To those who have, more will be given. Take Jeff Bezos, the main owner of Amazon. Last week, Bezos got a lot richer as Amazon’s share value rocketed after a favourable earnings forecast. His shares made $13bn in just one day, taking his personal wealth to circa $189bn. That’s £150bn in real money – not quite the Scottish annual GDP but getting close.

Other billionaires who have seen their wealth grow stratospherically since the pandemic began include Elon Musk, the bonkers Tesla boss, who is a mere $10bn richer since January. Everyone’s countless hours on Zoom have helped its founder, Eric Yuan, add $3.5bn to his net worth. Here in the UK, James Dyson’s fortune is up by £3.6bn – that’s sterling not dollars – making him Britain’s richest man.

Of course, global share prices go down as well as up. Shares fell steeply in March, when the lockdown was first introduced. But they have staged a remarkable recovery since then thanks to central bank quantitative easing giving investors cash to burn.

THE US Nasdaq index of high-tech shares is higher than before the Covid-19 emergency, partly because greedy investors are expecting to make a fortune from any vaccines that emerge.

Even the German DAX share index is back where it was at the start of February. Only the London FTSE 100 is well down on pre-Covid levels, thanks to worries about Brexit. British millionaires are buying property or gold – gold is up 20% this year.

Around the world, the gap between rich and poor has gotten wider since the pandemic began – but especially in Britain. The richest 5% of the population in Britain own more than 40% of the assets, according to the Bank of England. Quantitative easing artificially boosts the market value of those assets – shares, bonds, land, and art works. The rich just get richer and richer while the poor face mass unemployment.

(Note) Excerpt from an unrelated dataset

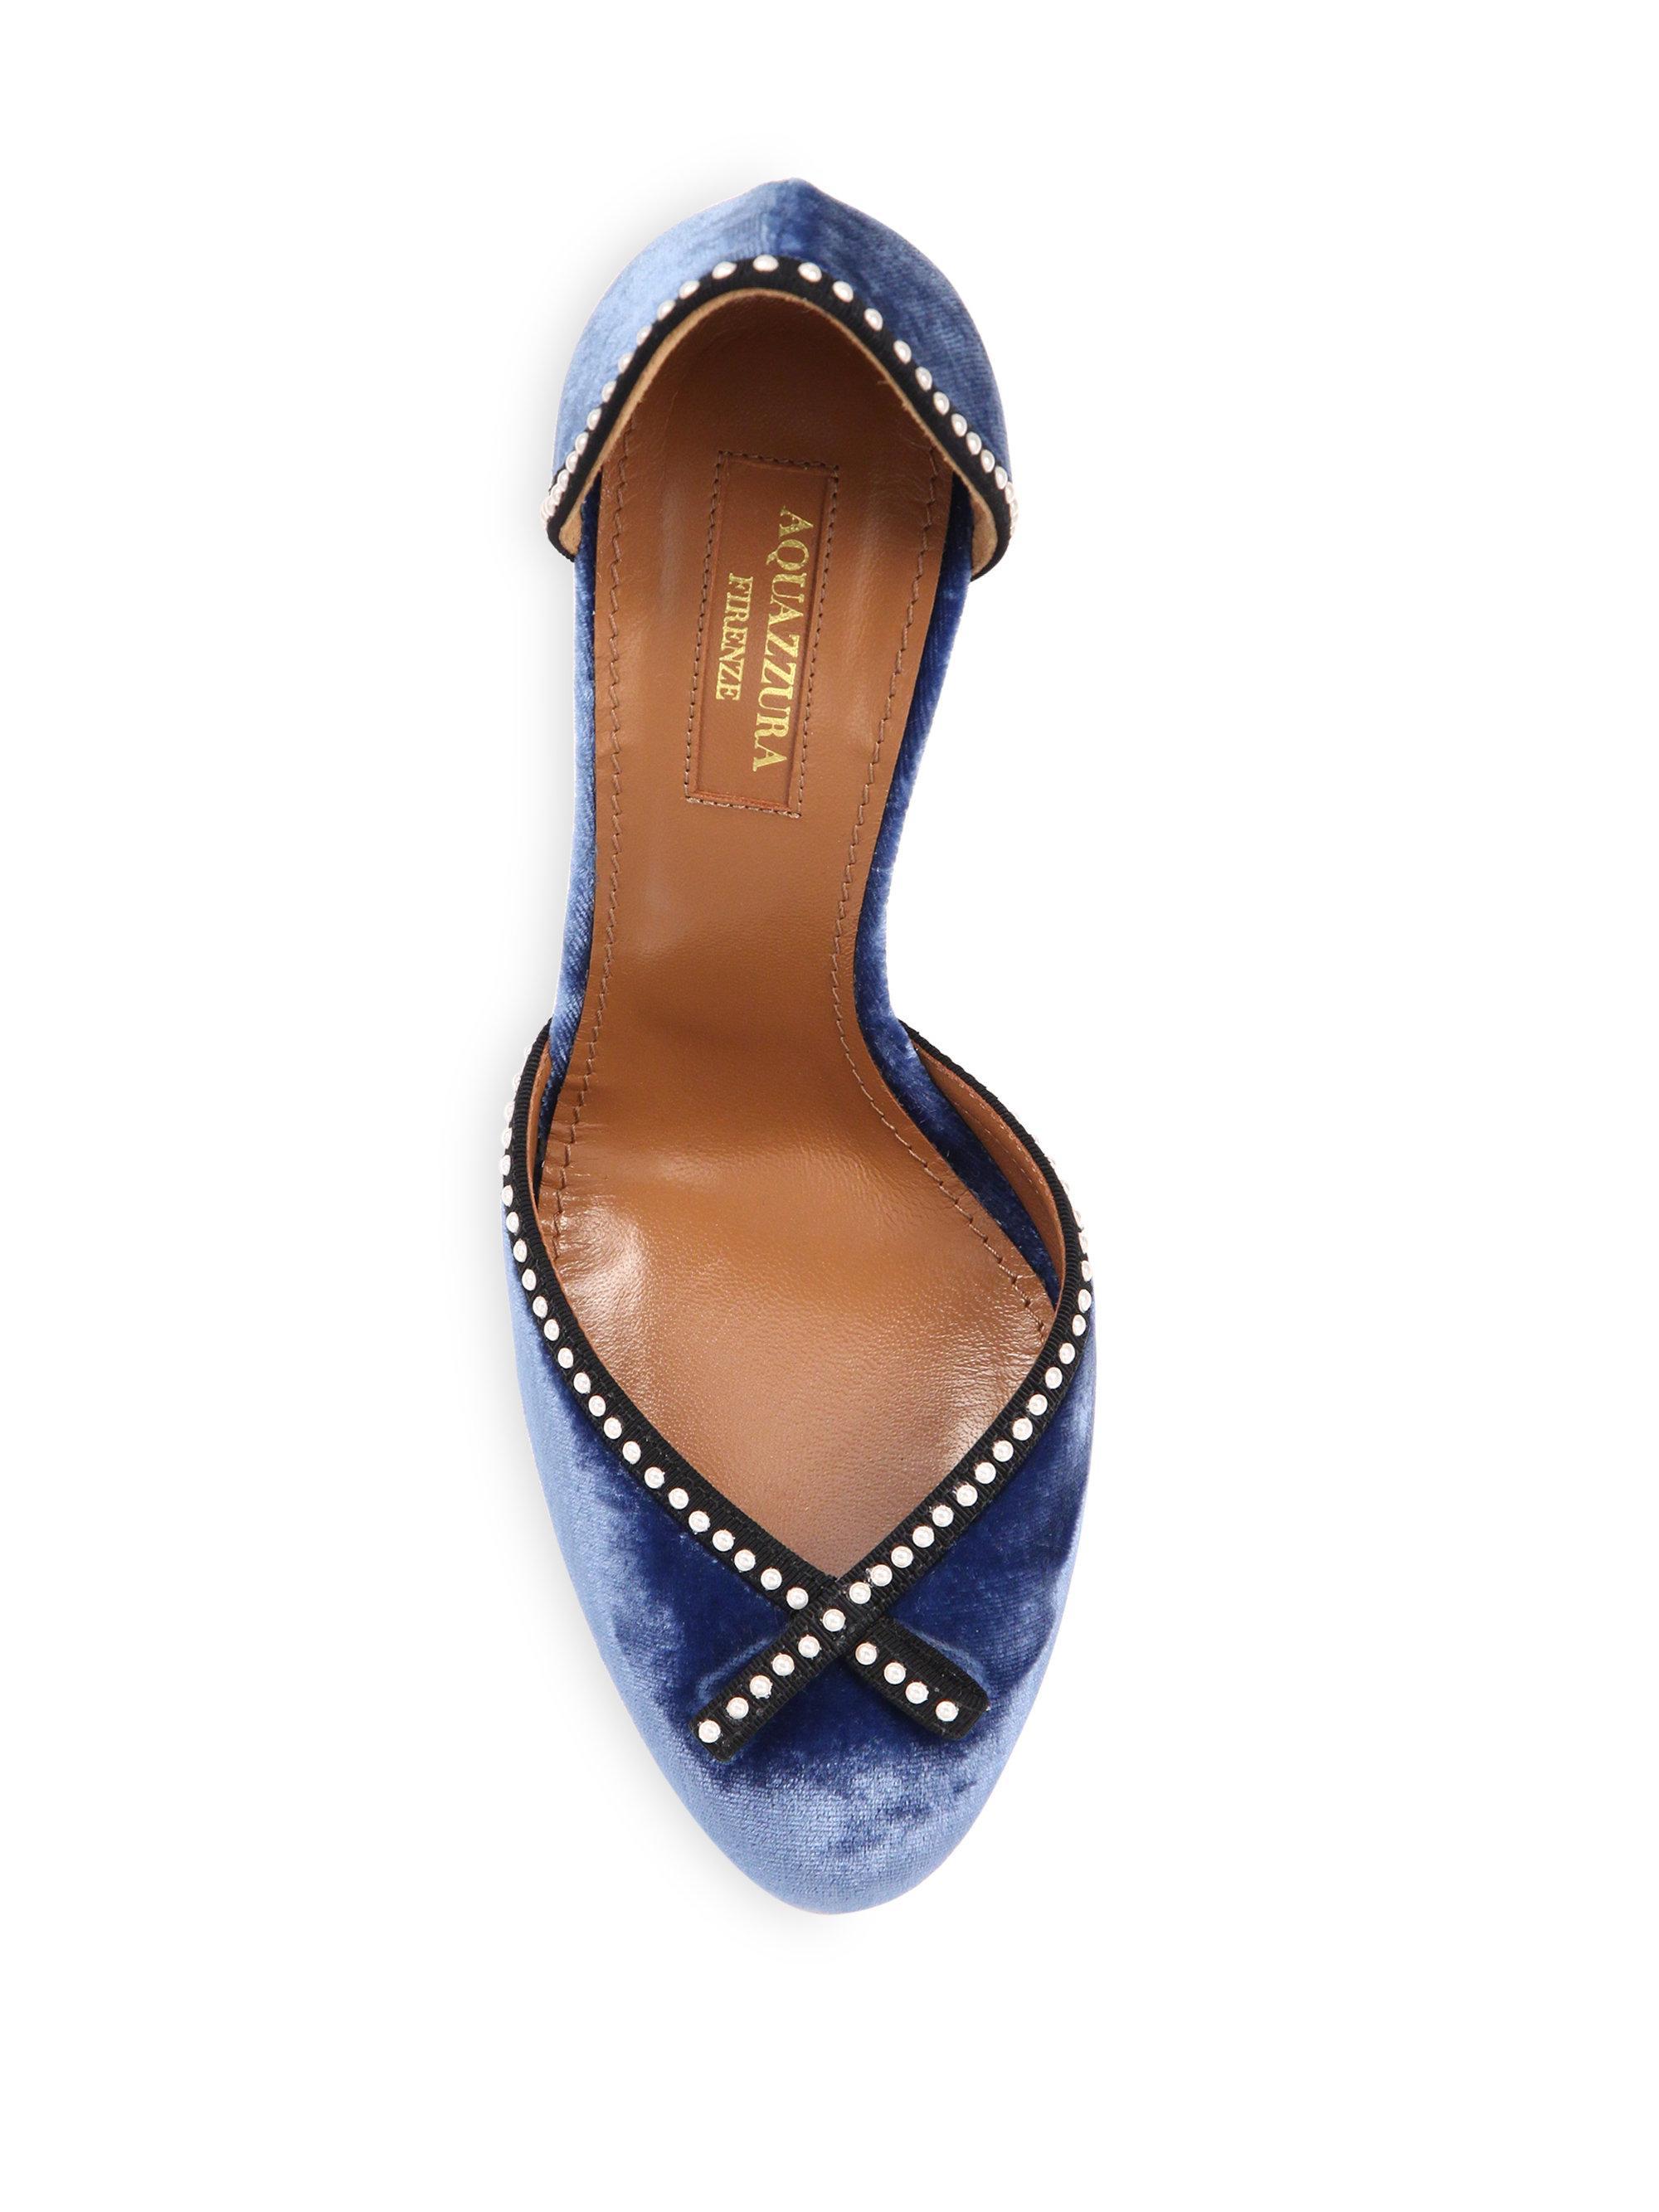 0fe3dc9feab Lyst - Aquazzura Lou Lou Pearly Velvet Block Heel Pumps in Blue

This month, the Office for Budget Responsibility (OBR) published its latest official economic forecast, predicting a UK unemployment rate of 13.2% in the first three months of 2021 – that’s 1930s Depression levels of joblessness.

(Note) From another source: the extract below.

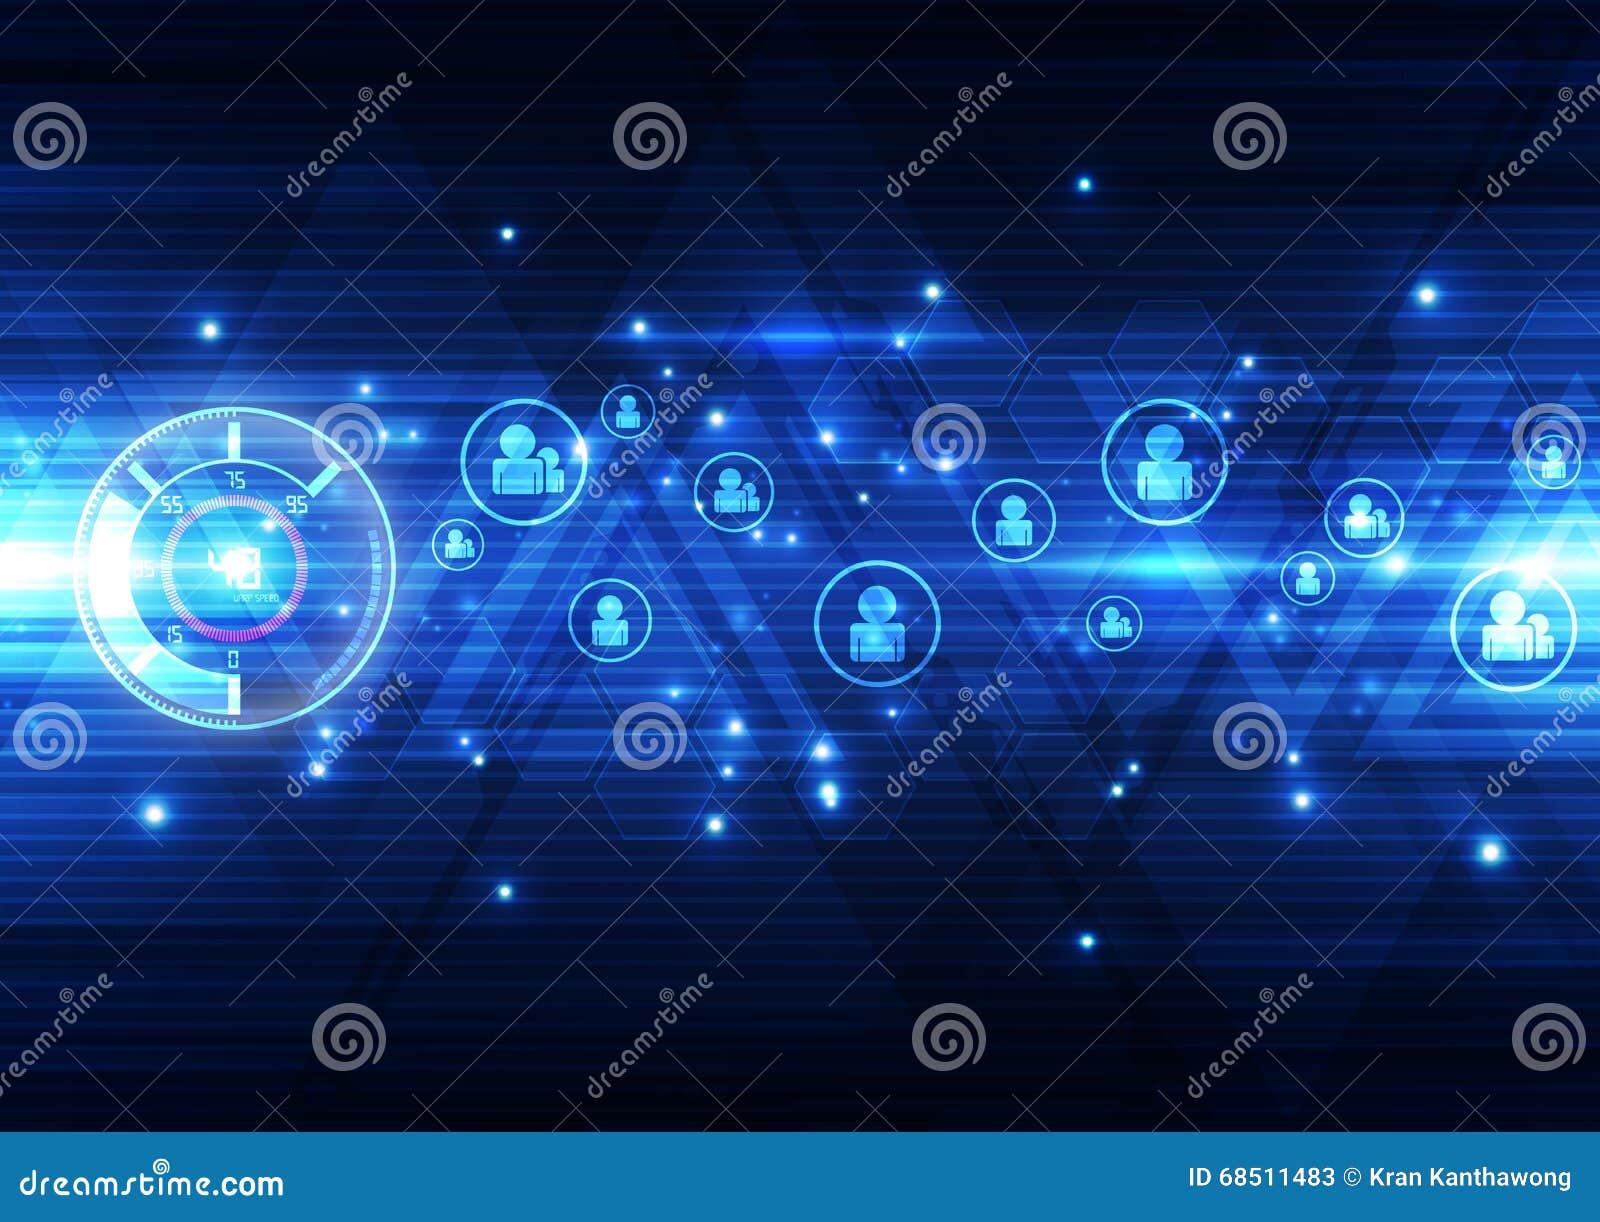 digital communications technology

Conclusion: when we eventually stagger out of the economic crisis caused by Covid-19 – perhaps in the middle of the decade if we’re lucky – the social and economic divide in Britain will have become

a gaping chasm.

The sunny days when economic growth meant a rise in living standards for the majority of folk have long since gone. The so-called economic recovery being punted by Boris Johnson and Chancellor Sunak is nothing but political snake oil.

We need a different economic model. Keir Starmer’s Labour has abandoned former shadow chancellor John McDonnell’s robust “people’s quantitative easing” – investing new Bank of England cash directly into manufacturing and house building – for nothing very specific at all.

In fact, McDonnell’s plan was perfectly sensible, putting new Bank of England cash to productive use rather than giving it to billionaires. It is a supreme irony that the Tories and their Bank of England poodles are printing more cash than McDonnell ever proposed – except they are flushing it down the economic toilet, while making the rich richer.

In Scotland, with the SNP leadership having rejected a central bank or its own currency directly after independence, there could be no quantitative easing at all, people’s or otherwise.

This leaves the SNP without any economic plan except to borrow – which ultimately raises taxes and cuts public spending; or to gear up its new Scottish National Investment Bank. The latter is an important innovation but a perusal of the SNIB’s rules for recruiting board members shows it will likely be run by conservative bankers.

Independence in the 2020s means independence in the midst of an ongoing economic crisis. Any referendum vote may hinge on the SNP’s economic recovery plan. The only obvious recovery tool to hand is a people’s quantitative easing. But that means creating our own central bank and currency.

It’s that or see Scotland’s wealth heading to London, Wall Street or the Bahamas.